Nearly 3 million Americans suffer from epilepsy. In one third of these patients available antiepileptic drugs or invasive surgical procedures are not effective. With an increased understanding of the molecular, electrophysiological and genetic bases of the epilepsies, hope for a cure emerges. Understanding the fundamental basis of epilepsies, especially those that occur in children, and using this information to develop novel treatments is the mission of our laboratory.
Research in the BarabanLab is based on a multi-disciplinary strategy. Techniques include the use of in vitro brain slices for electrophysiological recording of membrane properties and synaptic function (using visualized patch-clamp and optogenetics methods); molecular analysis of gene expression using in situ hybridization, qPCR and micro-array; immunohistochemical and morphological studies of neuronal structure and protein expression; pharmacological analysis including high-throughput drug screening in zebrafish; and progenitor-based cell therapies.

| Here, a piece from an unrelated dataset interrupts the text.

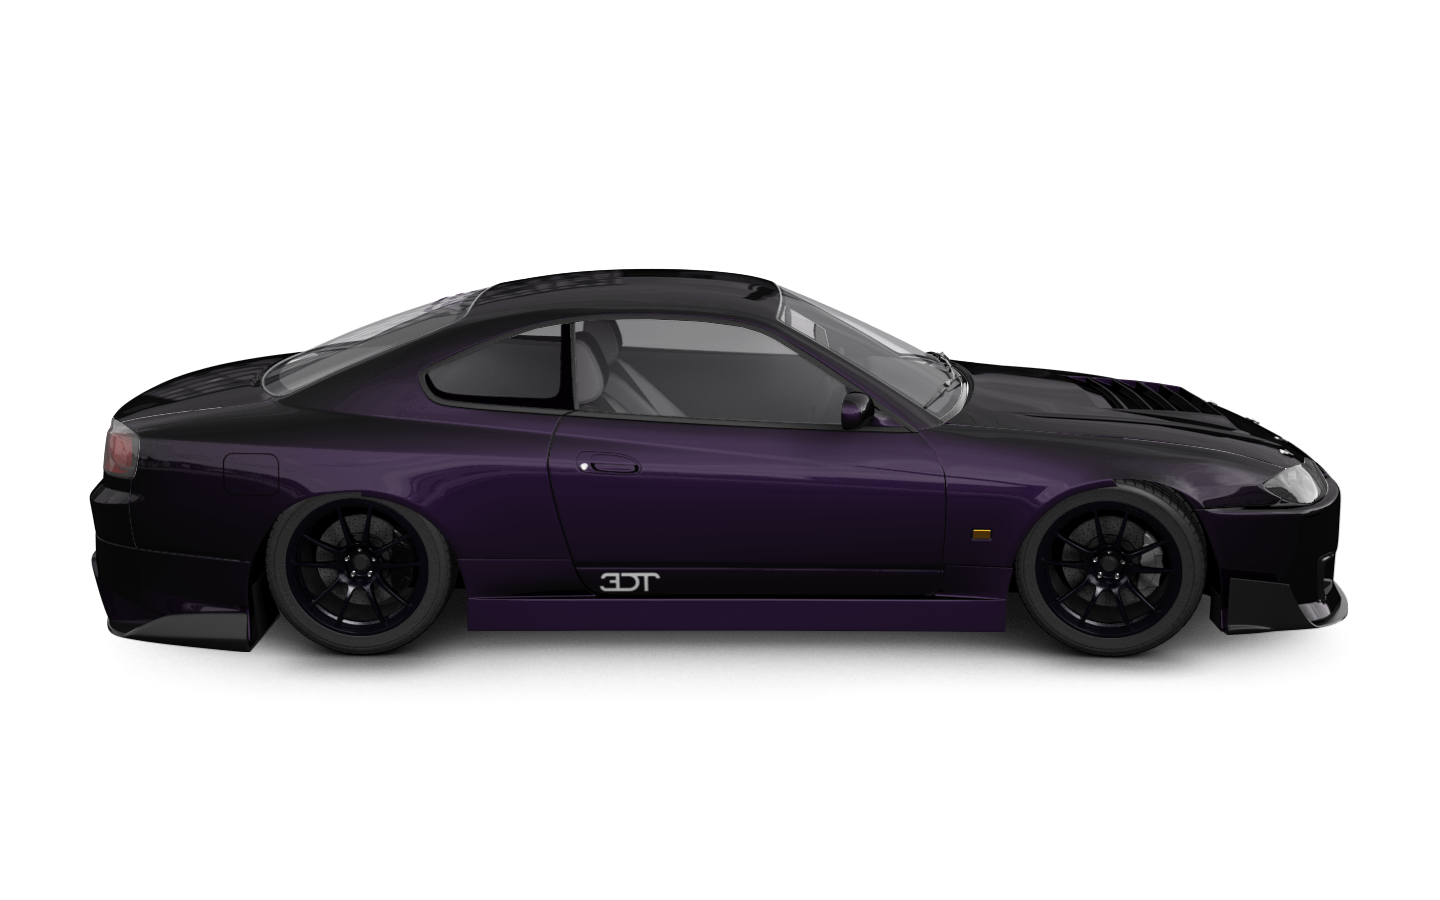 Nissan Silvia S15 2 Door Coupe 1999

With recent advances in our understanding of the genetic basis for many epilepsies, hope for curative treatments and effective prevention has increased. Unfortunately, this information has not resulted in significant clinical advances and where new drugs have emerged, the average cost of research and development for each new drug is estimated at greater than $800 million. To approach this challenge from a different direction, we leverage the distinct advantages offered by a simple vertebrate - zebrafish (Danio rerio) - as a template for a genetically tractable epilepsy model compatible with rapid, cost-effective and high-throughput drug screening. Our work with zebrafish began over 10 years ago with the first adaption of acquired seizure protocols (PTZ, pilocarpine, heat, etc.) and has progressed to include stable mutant lines generated with state-of-the-art gene editing technologies. As a form of "personalized medicine" these mutants mimic known gene mutations seen in children with catastrophic forms of epilepsy.
Transplantation of neuronal precursors into the CNS offers great promise for the treatment of neurological disease. Reports of neural progenitor cells with the ability to disperse and differentiate into neurons following transplantation have further raised expectations that defective brain circuits can be repaired. Using transplanted progenitors from the embryonic medial ganglionic eminence (or MGE) we are exploring the possibility that these cells will influence synaptic function in the host brain and reduce seizures. Our work takes advantage of the unique ability of MGE progenitor cells to migrate and functionally integrate as inhibitory GABAergic interneurons following transplantation. Toward the development of a "stem cell therapy" we are transplanting MGE cells into epileptic mice to directly explore the therapeutic potential of these cells in intractable forms of epilepsy.